Так стимулируется бесконечное расширение образовательной сферы, которая в США практически вся платная, по следующему алгоритму: корпоративизация образования - вытекающее из неё раздувание стоимости обучения - растущий спрос на дипломы и сертификаты - связанный с этим рост уровня задолженности студентов и выпускников. Так "правительство превращается в главный механизм извлечения корпоративных доходов", а самих должников "вынуждают все больше бюрократизировать свою жизнь, которую нужно организовывать так, как если бы они сами были маленькими корпорациями". Это надо как-то оправдывать, и вот уже возникает "культура соучастия" - всеобщее вранье о том, что в капиталистической системе вверх продвигаются "не за достоинства и даже не при помощи родственников, а в первую очередь благодаря готовности делать вид, будто карьерный рост основан на достижениях, даже если все знают, что это не так". Рассказывая сказки о меритократии, "каждый спешит выслужиться, утверждая, что действительно верит в то, что все так и есть". И снова на память приходит поздний СССР с его тотальным двоемыслием, где "одна мораль для кухонь, другая - для улиц"!

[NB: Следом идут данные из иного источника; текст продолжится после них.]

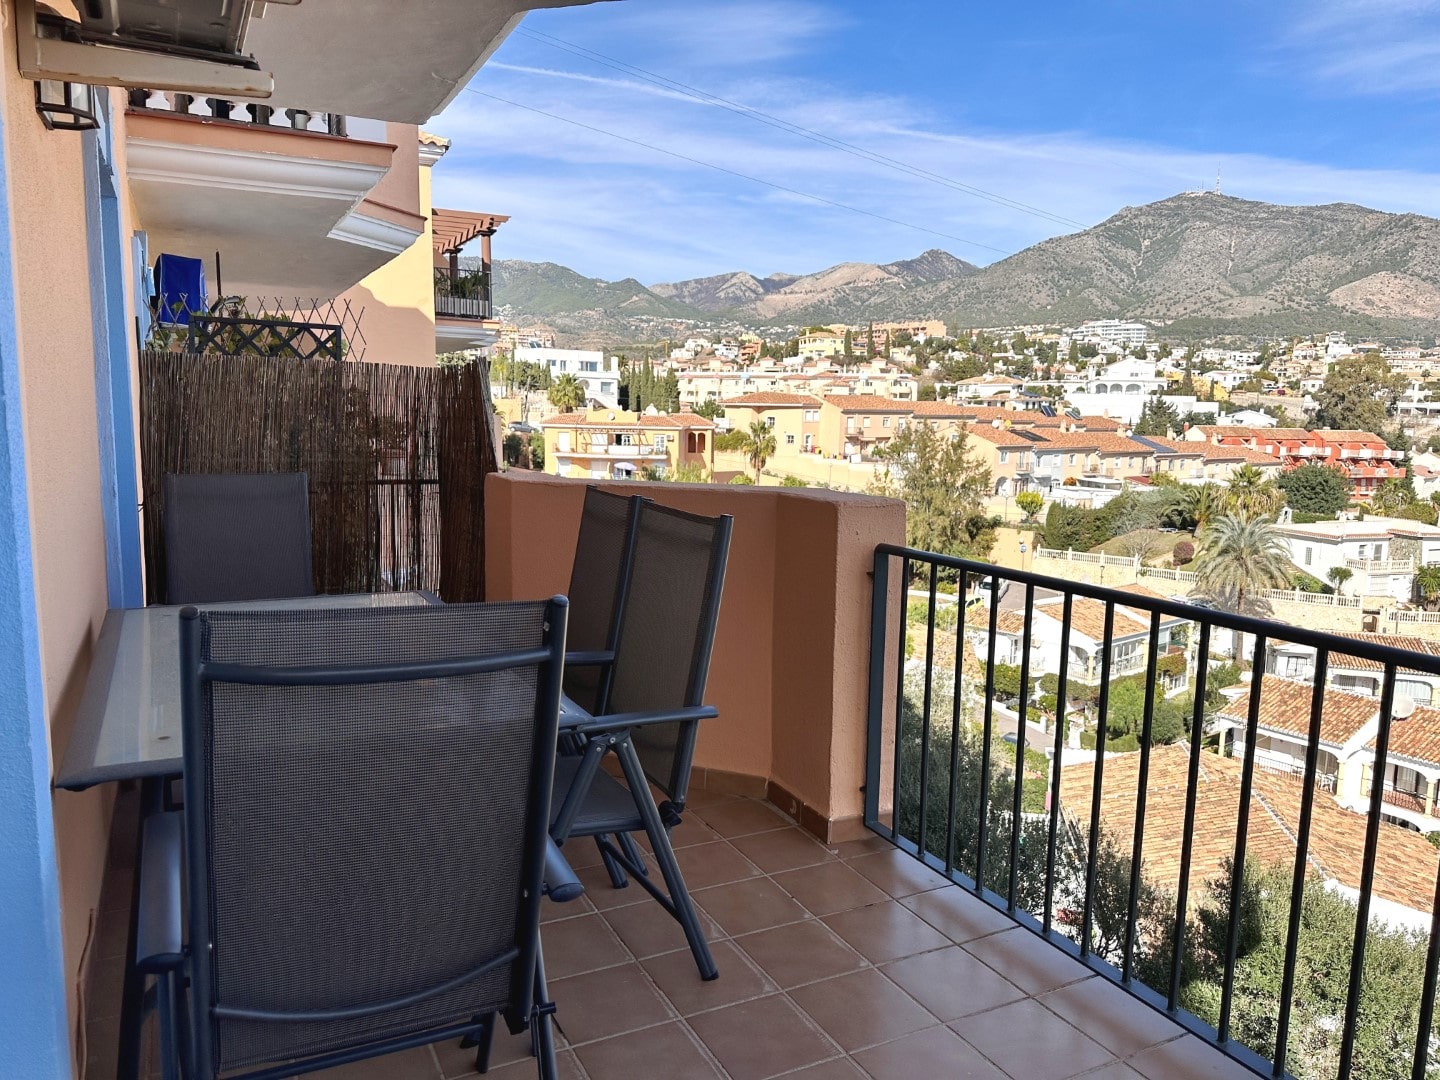 Bright, pleasant corner apartment with fantastic views of both sea and mountains

Во всемирном же масштабе разрекламированная глобализация, утверждает Гребер, тоже не имеет "ничего общего со стиранием границ и свободным движением людей, товаров и идей. Речь на самом деле шла о заточении все большей части населения мира в милитаризованных национальных границах, в рамках которых можно систематически уничтожать социальную защиту, создавая группу настолько отчаявшихся трудящихся что они будут готовы работать практически даром". Как участник антиглобалистского движения рубежа XX-XXI веков, Гребер заключает: "не имеет особого значения, пытается ли кто-то реорганизовать мир на основе бюрократической эффективности или рыночной рациональности: фундаментальные принципы у них одни и те же". Неслучайно бывшие советские чиновники так бодро переключились с тотального огосударствления на тотальную же маркетизацию - и попутно сумели резко увеличить собственное поголовье! За рыночным фасадом скрывается главный современный способ извлечения стоимости из всего существующего: использование государственных и корпоративных правил, следование которым обязательно, а нарушение карается исключением, нищетой и тюрьмой. "Все богатые страны сегодня содержат легионы чиновников, чья главная задача заключается в том, чтобы заставлять бедных чувствовать себя неполноценными", неспособными и аморальными субъектами. Почему? Да потому что в финанциализированном мире "стоимость - это конечный продукт бумажной волокиты и верхушка горы оценочных формуляров", причем неважно, кто их создает - социальный работник или кредитный офицер банка. И "все эти нити - финанциализация, насилие, технологии, слияние государственного и частного - сплетаются в единую, самоподдерживащуюся сеть". Сеть, в которую ловят нас с вами!